Amazon had an opportunity to shake up the wireless industry with radical pricing for its new Fire Phone. But it’s actually quite conventional.
The Amazon phone, unveiled today, will cost about the same as most other good smartphones: $199 or $299 with a two-year contract and $649 or $749 unlocked, depending on storage capacity. And its exclusive US carrier partner AT&T isn’t offering anything special, either. (No word yet on international carriers.)
The one carrot Amazon is dangling to potential customers: For a limited time, it will give Fire Phone buyers a free year of its Prime service—a $99 value, which includes free two-day shipping on Amazon orders, video and music streaming, and some free Kindle books. Existing Prime customers can extend existing subscriptions by a year. That’s a nice bonus, and might be enough to convince Amazon devotees to switch phones. But it’s hardly revolutionary.
What might have been?
If Amazon wanted to do something radical, it might have offered a very inexpensive phone, subsidized by the high likelihood of increased spending on Amazon. Or it could have extended the same discount it offers Kindle and Kindle Fire buyers who agree to see ads on their lock screens.
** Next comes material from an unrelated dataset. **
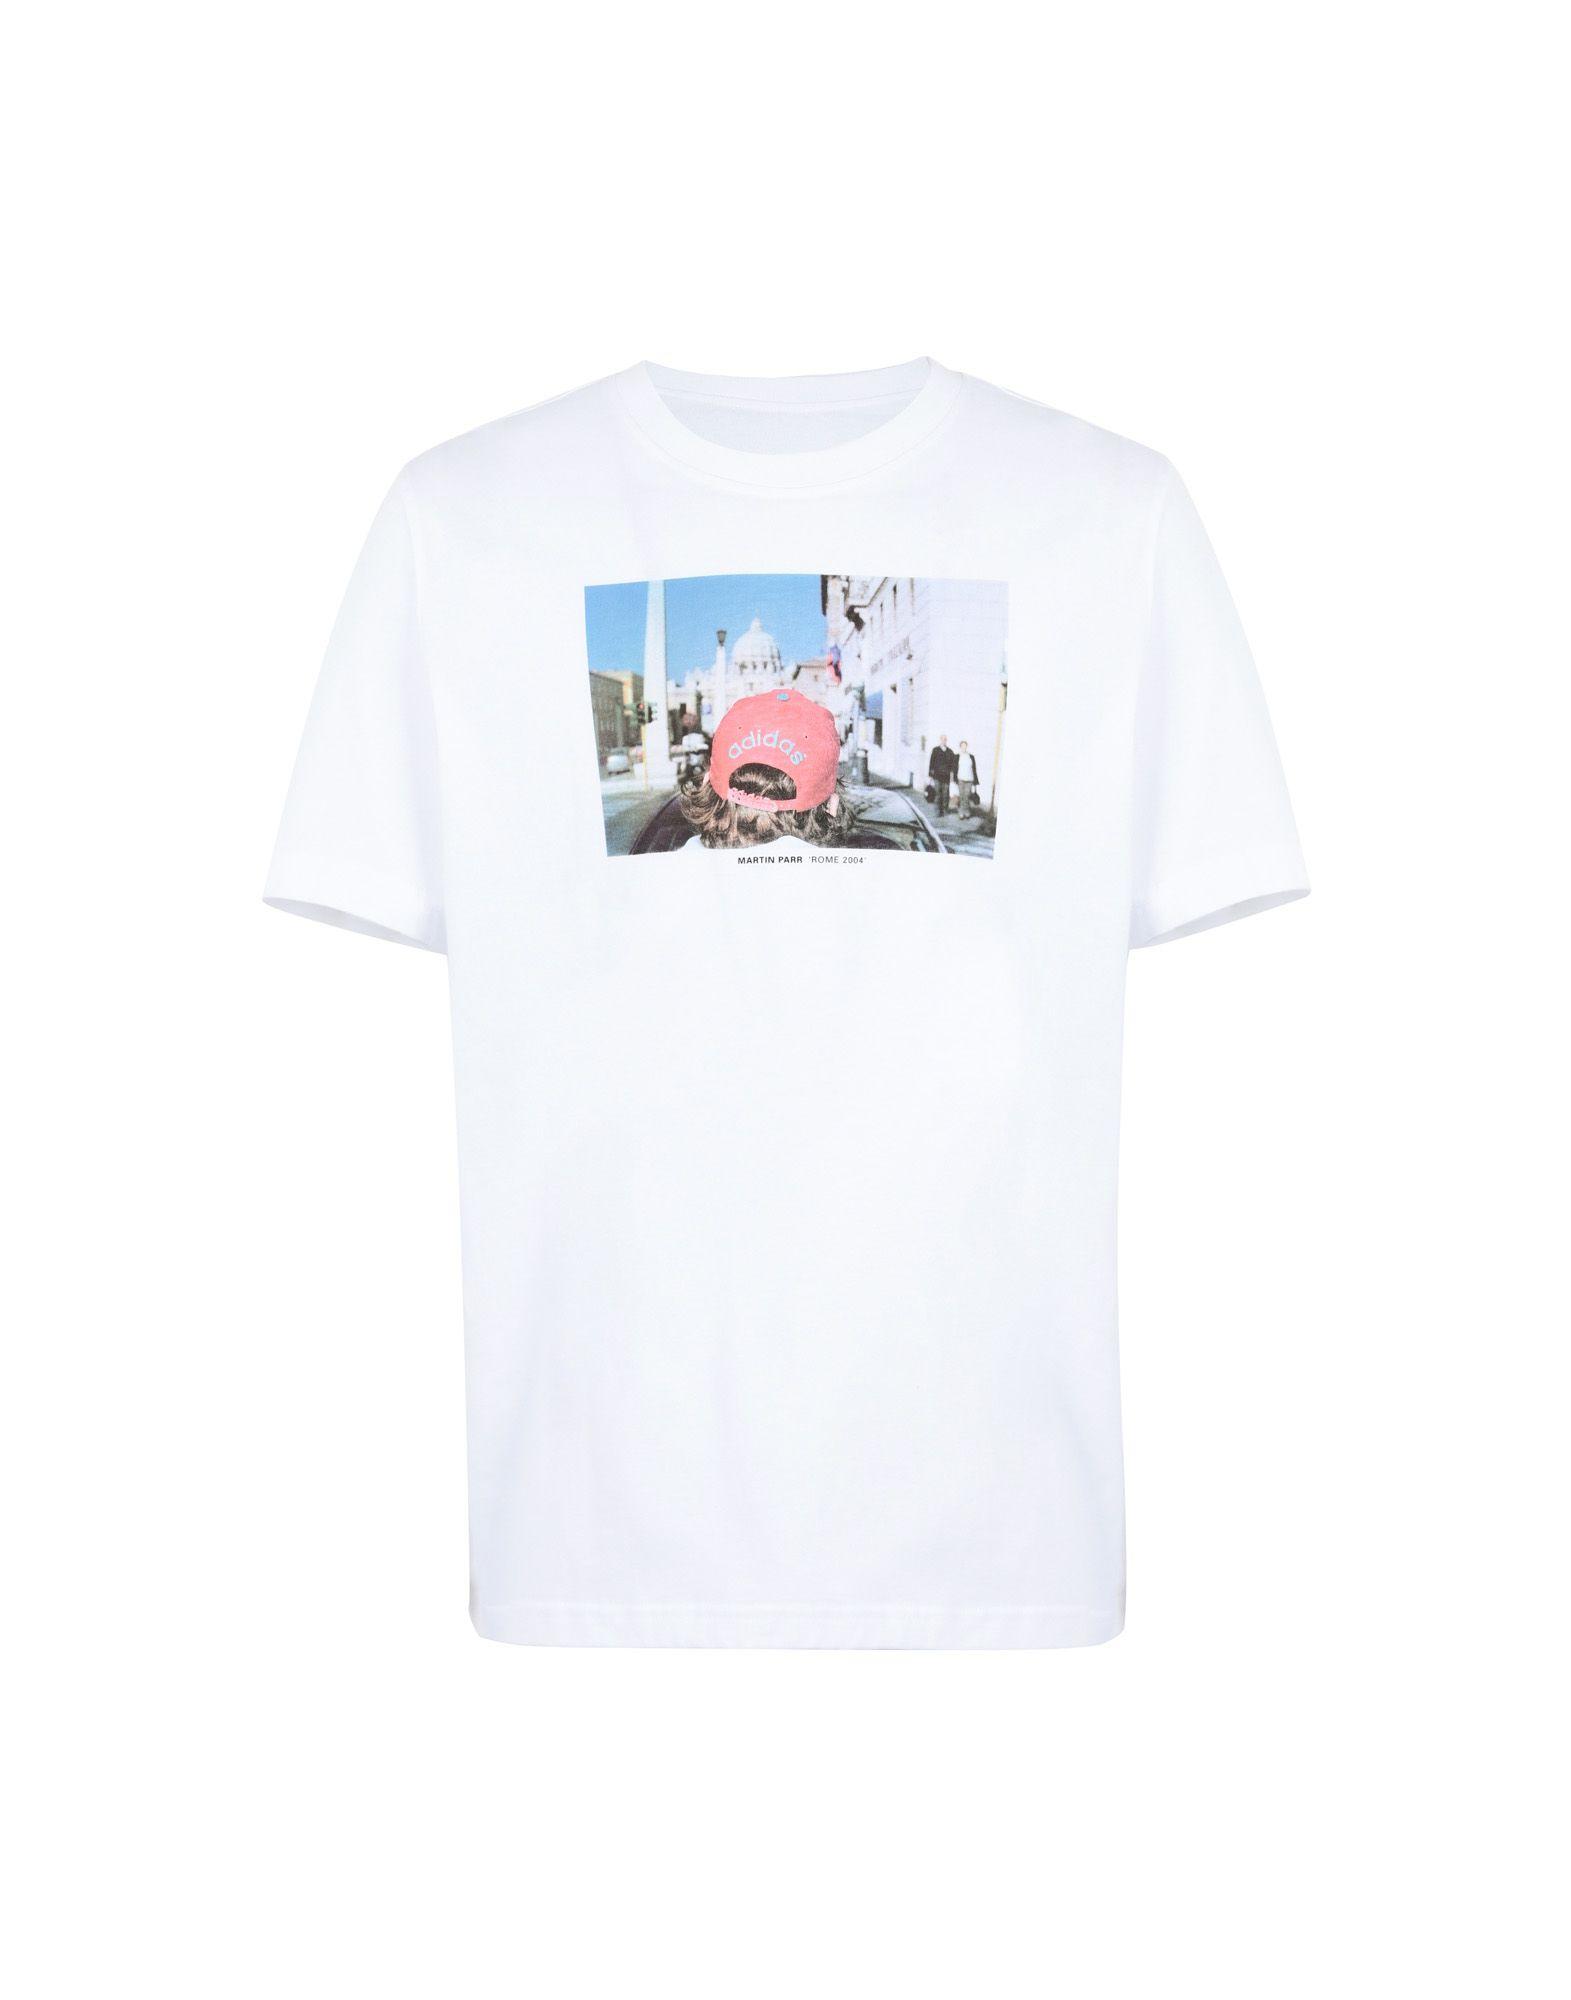 T-Shirt Sportiva Adidas Originals Martn Parr Tee - - uomo - 12297186IG  gute Qualität

Better yet, Amazon might have negotiated disruptive pricing for wireless service, such as data-only packages, free international roaming, cheap prepaid service, or just simply more aggressive overall pricing. That might convince a lot of people to buy a Fire Phone instead of an iPhone or Samsung.
Instead, Amazon has taken a somewhat surprising, more conservative path, hoping its unique features—a 3D interface, Prime media, free unlimited cloud storage, and Firefly product-recognition software—will sell enough Fire Phones on their own.
This may prove to be a better strategy in the long run: pushing the Amazon platform as an equal to Apple’s iOS and Google’s Android, instead of trying to be a cheap player in an industry that’s already getting commoditized on the low end. But it’s perhaps a tougher sell today than if this intriguing new phone were also competitive on price.